The Digital Lives of Teens: Mobile is Now by MATT LEVINSON


The Digital Lives of Teens: Mobile is Now

Matt Galligan, co-founder of SimpleGeo, says, "The future of mobile is the future of everything." Galligan sees a future where mobile will pervade every facet of life, from communication to wallets to car keys.

The PEW Internet and American Life Project reports in its Teens and Tech section that "78% of teens now have a cell phone, and almost half (47%) of them own smartphones." There are now over six million mobile subscribers, write Eric Schmidt and Jared Cohen, authors of The New Digital Age: Reshaping the Future of People, Nations and Bu....

For teens, the phone is the social device. One teen shared, "I use my phone for all of my social networking. I don't use a computer or an iPad for that."

Since the go-to spot for mobile social is the phone, not the tablet, this might be encouraging news for schools incorporating tablets into the learning environment.

Cooler Than a Tablet

Schools exploring and experimenting with tablet implementation are stepping into this mobile future, entering uncharted territory and embracing a learning environment that is nimble, fast, unpredictable and vast. There is a lot of ambiguity at play.

As schools continue to develop strategies for the best ways of utilizing tablets to enhance learning, understanding the role and place of the phone in the lives of students can provide insight into how to construct "the network" of tablets.

Phones are ubiquitous, small, easy to carry and easy to hide. And the timing of when teens get a phone is instructive. The tipping point is often in between sixth and seventh grades. In Teens and Mobile Phones, the Pew Internet and American Life Project reports that the average age when "a typical American" gets a mobile phone is between 12 and 13.

By the beginning of seventh grade, the common refrain among teens to their parents is, "All my friends have a phone, why can't I have one?" This is a tough spot for parents.

Up until seventh grade or when a teen first gets a phone, computers and tablets serve as the gateway to gaming and social networking for many kids. For schools, this has significant implications, as fifth and sixth graders using tablets will designate the tablet as their mobile social device to be used, not as a tool for learning, but instead as the window into the sophisticated and distracting world of social gaming and networking. These younger students might utilize iMessage or Gmail and its many permutations in the form of Google+ or Google Hangout.

The Lure of Connectivity

What these students are encountering for the first time is "digital empowerment." Eric Schmidt and Jared Cohen introduce this concept in the early pages of The New Digital Age:

Digital empowerment will be, for some, the first experience of empowerment in their lives, enabling them to be heard, counted and taken seriously.

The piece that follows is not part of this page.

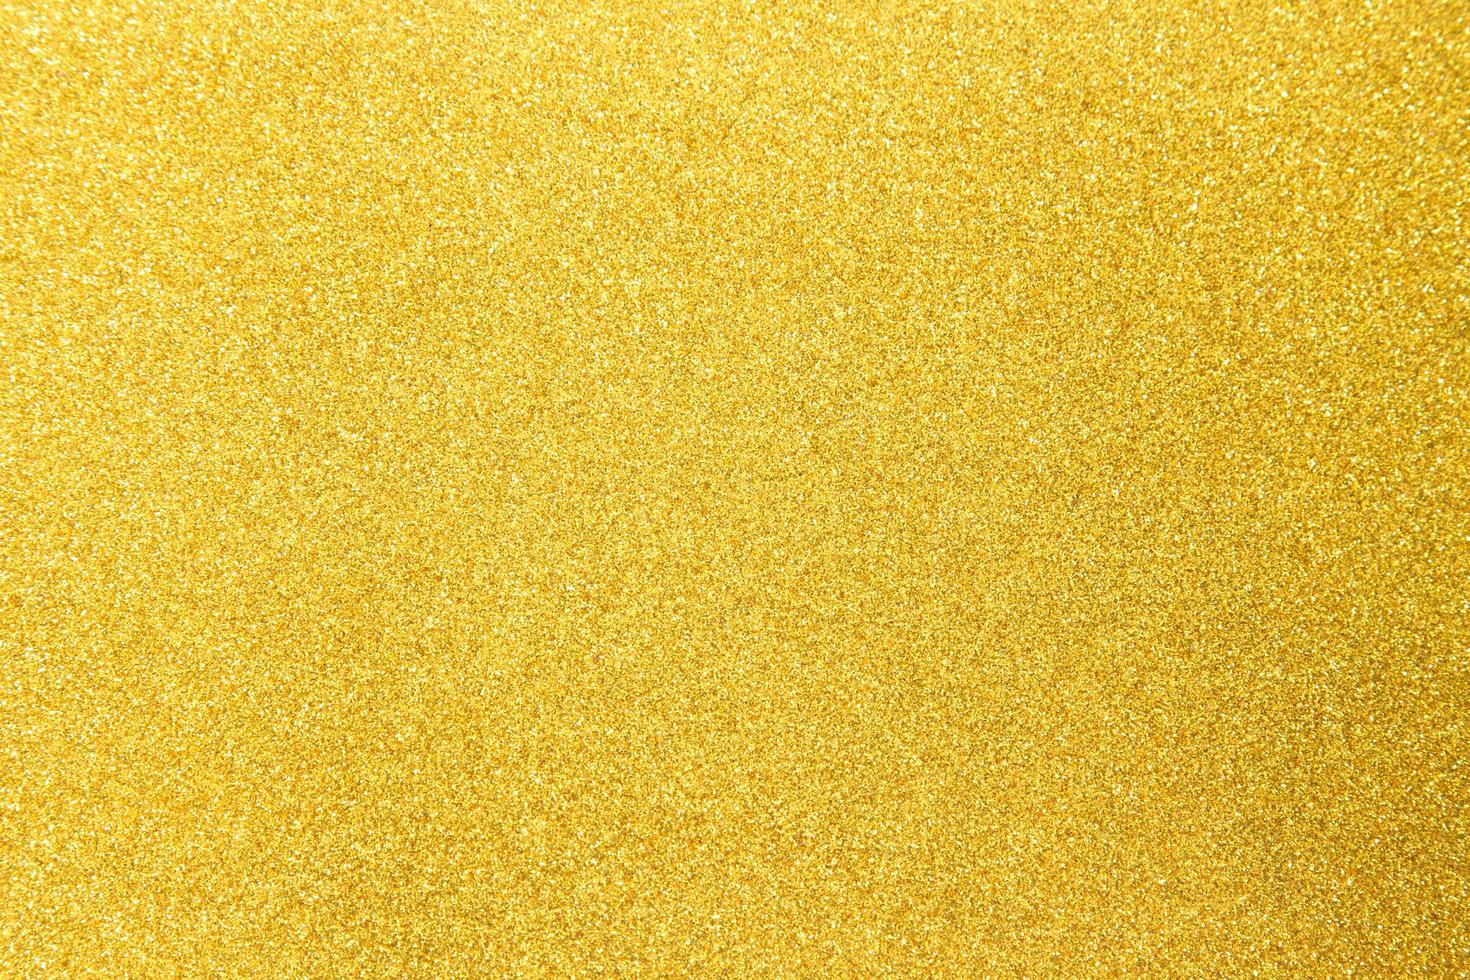 Golden glitter texture background photo

The default for kids is to share. It might be a silly video, a game, a photo or a scene from a party. There is a feverish intensity to sharing and fear that not sharing will lead to fomo, the fear of missing out.

And for teachers working with fifth and sixth graders, the task of holding and maintaining student attention is that much harder. These 10- and 11-year-olds are experiencing the dopamine rush of the tablet gateway, and to pull them out or away from the temptation to open a new app presents challenges.

Schmidt and Cohen capture the central challenge for institutions attempting to manage "connectivity":

As global connectivity continues its unprecedented advance, many old institutions and hierarchies will have to adapt or risk becoming obsolete, irrelevant to modern society.

Stay Relevant

For educators, the conversation is no longer "if" but "how." And it is comforting to know that the behavior and engagement schools are seeing cuts across the entire globe and is not exclusive to teens.

Tweens scurry about like mice with mobile devices, and as one parent noted in a recent New York Times article on cyberparenting: "What I've found out is, they know how to shut you out." In the same article, another parent shares, "Sometimes I think we know less."

Given that, as Schmidt and Cohen write, "The Internet is the largest experiment involving anarchy in history," it is not surprising that parents and educators are overwhelmed with "screenagers" who have been unleashed into this mobile "anarchy."

In his recent cover story for Time Magazine, Joel Stein taps into the phenomenon of empowerment that the information revolution has engendered:

The information revolution has further empowered individuals by handing them the technology to compete against huge organizations: hackers vs. corporations, bloggers vs. newspapers, terrorists vs. nation-states, YouTube directors vs. studios, app-makers vs. entire industries.

Stein is of course writing about millenials, but he could well be describing what is happening in schools and homes with screenagers: the "competition" between kids and parents or kids and educators.

Stein goes on to write: "Millenials don't need us. That's why we're scared of them."

Screenagers don't need parents and educators to teach them how to use digital stuff -- phones, tablets, apps. In fact, screenagers are independent, especially if they have access to an iTunes account. They're so independent that the traditional model of schooling appears to go out the window when tablets and technology enter the daily life of a school.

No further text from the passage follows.